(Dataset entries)
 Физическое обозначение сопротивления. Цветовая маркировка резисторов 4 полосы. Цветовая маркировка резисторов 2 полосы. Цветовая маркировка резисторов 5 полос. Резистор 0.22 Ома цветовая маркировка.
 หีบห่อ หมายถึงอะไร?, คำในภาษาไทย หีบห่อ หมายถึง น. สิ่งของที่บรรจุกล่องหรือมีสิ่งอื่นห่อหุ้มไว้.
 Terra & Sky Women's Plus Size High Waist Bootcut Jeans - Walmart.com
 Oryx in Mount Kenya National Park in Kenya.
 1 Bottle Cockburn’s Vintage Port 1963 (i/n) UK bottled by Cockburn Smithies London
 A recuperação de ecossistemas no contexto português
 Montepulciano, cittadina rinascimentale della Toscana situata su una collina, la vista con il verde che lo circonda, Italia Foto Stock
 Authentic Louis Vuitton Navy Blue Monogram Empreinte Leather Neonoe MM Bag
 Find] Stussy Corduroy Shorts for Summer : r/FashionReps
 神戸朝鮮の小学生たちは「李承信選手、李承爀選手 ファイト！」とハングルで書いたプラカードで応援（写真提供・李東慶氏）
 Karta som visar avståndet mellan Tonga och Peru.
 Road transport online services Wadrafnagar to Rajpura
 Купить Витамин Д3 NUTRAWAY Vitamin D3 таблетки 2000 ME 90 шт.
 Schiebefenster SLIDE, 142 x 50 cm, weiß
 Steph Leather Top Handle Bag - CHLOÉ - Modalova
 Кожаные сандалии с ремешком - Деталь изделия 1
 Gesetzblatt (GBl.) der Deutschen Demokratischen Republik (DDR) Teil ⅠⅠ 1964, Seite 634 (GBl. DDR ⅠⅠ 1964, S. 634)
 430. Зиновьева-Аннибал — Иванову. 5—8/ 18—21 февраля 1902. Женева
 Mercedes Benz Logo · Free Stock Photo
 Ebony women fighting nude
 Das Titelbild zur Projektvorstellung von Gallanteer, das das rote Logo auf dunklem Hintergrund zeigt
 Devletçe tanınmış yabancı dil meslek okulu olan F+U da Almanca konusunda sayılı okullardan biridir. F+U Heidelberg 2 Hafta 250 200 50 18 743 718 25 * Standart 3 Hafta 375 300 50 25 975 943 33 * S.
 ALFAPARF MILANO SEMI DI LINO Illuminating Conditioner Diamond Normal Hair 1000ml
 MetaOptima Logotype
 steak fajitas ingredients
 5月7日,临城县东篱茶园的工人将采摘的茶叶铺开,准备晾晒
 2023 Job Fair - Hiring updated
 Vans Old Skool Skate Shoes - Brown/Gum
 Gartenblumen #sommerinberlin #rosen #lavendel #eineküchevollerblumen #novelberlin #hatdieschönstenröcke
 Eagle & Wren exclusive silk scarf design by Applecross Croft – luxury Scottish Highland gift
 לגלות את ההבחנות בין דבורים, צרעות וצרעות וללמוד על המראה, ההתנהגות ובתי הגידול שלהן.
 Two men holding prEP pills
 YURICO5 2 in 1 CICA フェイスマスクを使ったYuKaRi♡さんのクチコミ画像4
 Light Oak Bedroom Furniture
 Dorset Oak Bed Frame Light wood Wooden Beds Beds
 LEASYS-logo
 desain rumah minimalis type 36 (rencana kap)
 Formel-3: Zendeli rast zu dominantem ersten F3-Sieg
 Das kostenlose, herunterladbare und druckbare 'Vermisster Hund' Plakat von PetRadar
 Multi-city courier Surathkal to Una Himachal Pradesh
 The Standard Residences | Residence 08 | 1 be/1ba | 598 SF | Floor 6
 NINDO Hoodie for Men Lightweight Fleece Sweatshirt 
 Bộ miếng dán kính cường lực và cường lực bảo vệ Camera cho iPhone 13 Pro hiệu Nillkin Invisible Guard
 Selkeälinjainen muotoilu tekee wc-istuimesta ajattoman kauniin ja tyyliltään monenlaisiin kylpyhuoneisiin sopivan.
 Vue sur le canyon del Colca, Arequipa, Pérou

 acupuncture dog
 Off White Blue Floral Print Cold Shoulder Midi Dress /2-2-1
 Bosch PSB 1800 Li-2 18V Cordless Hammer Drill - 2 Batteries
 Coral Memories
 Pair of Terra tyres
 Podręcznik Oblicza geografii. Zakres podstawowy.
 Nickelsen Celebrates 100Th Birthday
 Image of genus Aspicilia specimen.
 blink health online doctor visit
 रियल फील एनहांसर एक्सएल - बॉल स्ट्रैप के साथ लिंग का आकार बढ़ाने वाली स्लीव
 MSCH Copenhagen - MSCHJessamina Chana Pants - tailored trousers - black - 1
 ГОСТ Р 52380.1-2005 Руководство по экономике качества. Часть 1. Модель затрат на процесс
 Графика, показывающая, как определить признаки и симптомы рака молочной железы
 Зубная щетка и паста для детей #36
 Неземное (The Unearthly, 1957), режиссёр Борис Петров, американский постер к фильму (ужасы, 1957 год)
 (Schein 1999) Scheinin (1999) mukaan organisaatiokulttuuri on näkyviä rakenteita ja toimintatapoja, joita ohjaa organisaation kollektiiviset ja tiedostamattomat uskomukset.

- _GOAL OF THE EXERCISE_
Could you return exactly the stretch of the data above that starts at the line with "Multi-city courier Surathkal" and ends at the line with "Графика, показывающая, как", both lines included?

- _RESULT_
 Multi-city courier Surathkal to Una Himachal Pradesh
 The Standard Residences | Residence 08 | 1 be/1ba | 598 SF | Floor 6
 NINDO Hoodie for Men Lightweight Fleece Sweatshirt 
 Bộ miếng dán kính cường lực và cường lực bảo vệ Camera cho iPhone 13 Pro hiệu Nillkin Invisible Guard
 Selkeälinjainen muotoilu tekee wc-istuimesta ajattoman kauniin ja tyyliltään monenlaisiin kylpyhuoneisiin sopivan.
 Vue sur le canyon del Colca, Arequipa, Pérou

 acupuncture dog
 Off White Blue Floral Print Cold Shoulder Midi Dress /2-2-1
 Bosch PSB 1800 Li-2 18V Cordless Hammer Drill - 2 Batteries
 Coral Memories
 Pair of Terra tyres
 Podręcznik Oblicza geografii. Zakres podstawowy.
 Nickelsen Celebrates 100Th Birthday
 Image of genus Aspicilia specimen.
 blink health online doctor visit
 रियल फील एनहांसर एक्सएल - बॉल स्ट्रैप के साथ लिंग का आकार बढ़ाने वाली स्लीव
 MSCH Copenhagen - MSCHJessamina Chana Pants - tailored trousers - black - 1
 ГОСТ Р 52380.1-2005 Руководство по экономике качества. Часть 1. Модель затрат на процесс
 Графика, показывающая, как определить признаки и симптомы рака молочной железы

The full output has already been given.